Scientists have identified the source of mysterious flashes of cosmic radio waves known as fast radio bursts (FRBs): a surprisingly small galaxy more than 3 billion light-years away. The discovery may help researchers understand one of the biggest mysteries in astronomy.
”It’s an observational breakthrough,” says Neil Gehrels, an astrophysicist at NASA’s Goddard Space Flight Center in Greenbelt, Maryland, who was not involved in the new discovery. ”We now have definitive proof” of their extragalactic nature, adds team member Jason Hessels of ASTRON, the Netherlands Institute for Radio Astronomy in Dwingeloo.
FRBs have been a hot subject since 2007. That year, a team led by radio astronomer Duncan Lorimer of West Virginia University in Morgantown accidentally found the first FRB by analyzing old observations of the 64-meter radio telescope in Parkes, Australia. Since then, astronomers have stumbled upon 17 more FRBs, which usually last for at most a few milliseconds.
Fortunately, one discovered in 2012 with the 305-meter radio telescope in Arecibo, Puerto Rico, turned out to repeat at irregular intervals. Known as FRB 121102, its location on the sky has now been monitored for many tens of hours by the National Radio Astronomy Observatory’s Karl G. Jansky Very Large Array (VLA) in Socorro, New Mexico (an array of 27 radio dishes), and the European VLBI Network (EVN)—a continent-wide collaboration of radio telescopes.

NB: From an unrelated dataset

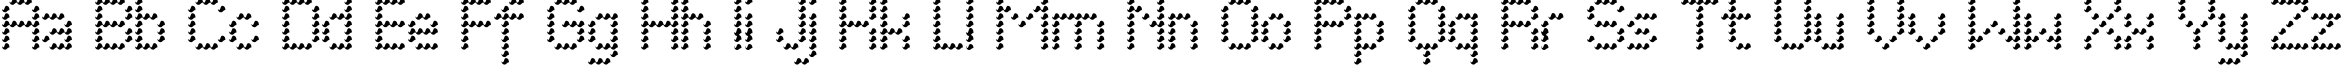 Пример написания английского алфавита шрифтом PerfoWave

Between 23 August and 18 September 2016, the VLA detected nine bursts. Those observations, published today in Nature, reveal that the location of the bursts coincides with a faint, remote galaxy that also hosts a faint, persistent source of radio waves. Four additional bursts from the same source were found on 20 September 2016 by the EVN, which, along with data from the Arecibo dish, helped provide an even more precise localization within the galaxy, according to a paper published today in Astrophysical Journal Letters.
Using the optical 8.1-meter Gemini North telescope on Mauna Kea in Hawaii, astronomers then managed to determine the galaxy’s distance: more than 3 billion light-years, as reported in a second paper in the same issue of Astrophysical Journal Letters. “Surprisingly, the host galaxy [of FRB 121102] is a puny, star-forming dwarf system,” says ASTRON’s Cees Bassa, who led the optical observations together with Shriharsh Tendulkar of McGill University in Montreal, Canada. Because dwarf galaxies contain so few stars, this suggests that whatever is responsible for FRB 121102 has a better chance of forming in tiny galaxies than large, spiral ones.
Astronomers had thought that FRBs come from one-off, cataclysmic events—for instance the formation of a black hole by the merger of two neutron stars, the compact remains of supernova explosions. But the repeating nature of FRB 121102 reveals that whatever is producing the bursts cannot be destroyed in the process.
Hessels thinks the culprit may be occasional explosions from extremely rapidly spinning, highly magnetized neutron stars. But given the energies involved, he admits, those would need to have spin and magnetic properties beyond anything seen in the Milky Way so far.
FRBs are probably not directly related to long gamma ray bursts (another type of explosive event that preferentially occurs in dwarf galaxies), because there are just too few gamma ray bursts and too many FRBs. Alternative explanations, like matter falling into black holes, cannot yet be ruled out. Rapid follow-up studies of FRBs with NASA’s Swift and Fermi spacecraft could help solve the mystery by finding x-ray or gamma ray light accompanying the radio bursts, Gehrels says.
Another riddle is why FRB 121102 appears to be the only repeater. Hessels suspects that all FRBs observed to date are from the same type of source. But Lorimer is not so sure. “My guess at the moment is that [FRB 121102] is not representative of all FRBs, and that there are multiple classes.”